Но дочь перезвонила. Через четыре часа. Без «привет», без «как дела».
— Мам, ты чего?
И Ольга разрыдалась. Не от горя. А потому что кто-то спросил. Всего три слова: «Ты чего?» Но в них было всё, чего ей так не хватало.
Через неделю в квартире появился кот. Притащил его внук.
— Бабуль, это тебе. Он одинокий, и ты одна. Будете друг другу скрашивать жизнь.
Кот был рыжий, худой, с облезлым хвостом и взглядом вечно ошарашенного философа. Первую ночь просидел под шкафом. А утром уже мурлыкал у её ног. Назвали его Барсиком. Пол неважен. Главное — он теперь её.

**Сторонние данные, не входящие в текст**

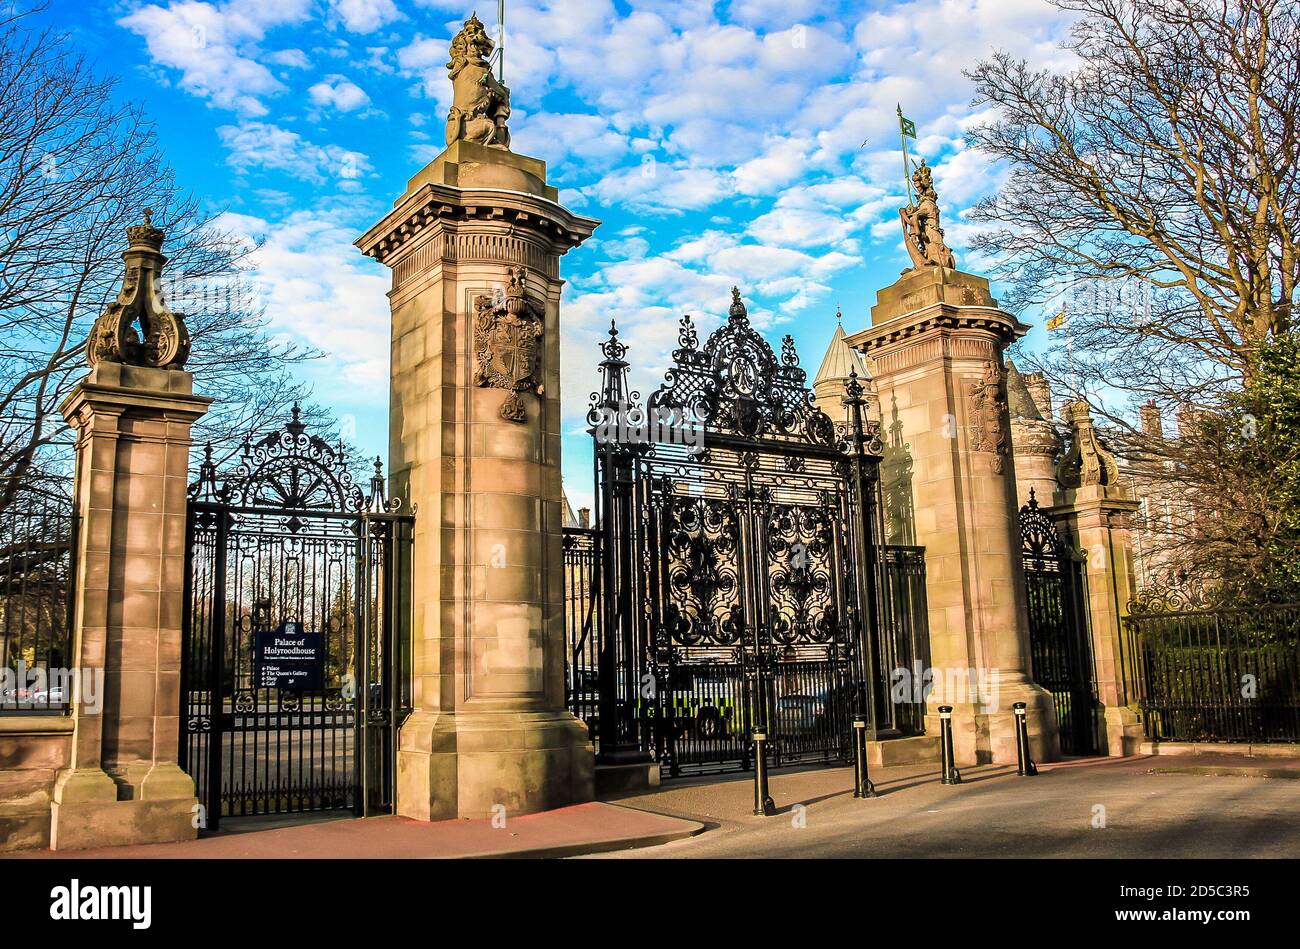 The gates of Holyroodhouse Palace, Edinburgh, Scotland. Stock Photo

Теперь Ольга снова говорит. Сначала с Барсиком — спрашивает, не хочет ли он есть, ругает за царапанье дивана. Потом с Виктором — читает ему сводку погоды, ворчит на разбросанные носки. Потом — с самой собой. Вслух. Чтобы не забыть, как звучит её голос.
А телефон? Так и лежит на подоконнике. Теперь он ей не нужен. Потому что настоящие слова — это не сообщения. Это тёплый бок кота, прижавшегося к тебе ночью. Это привычное ворчание мужа за завтраком. Это «ты в порядке?», сказанное вовремя.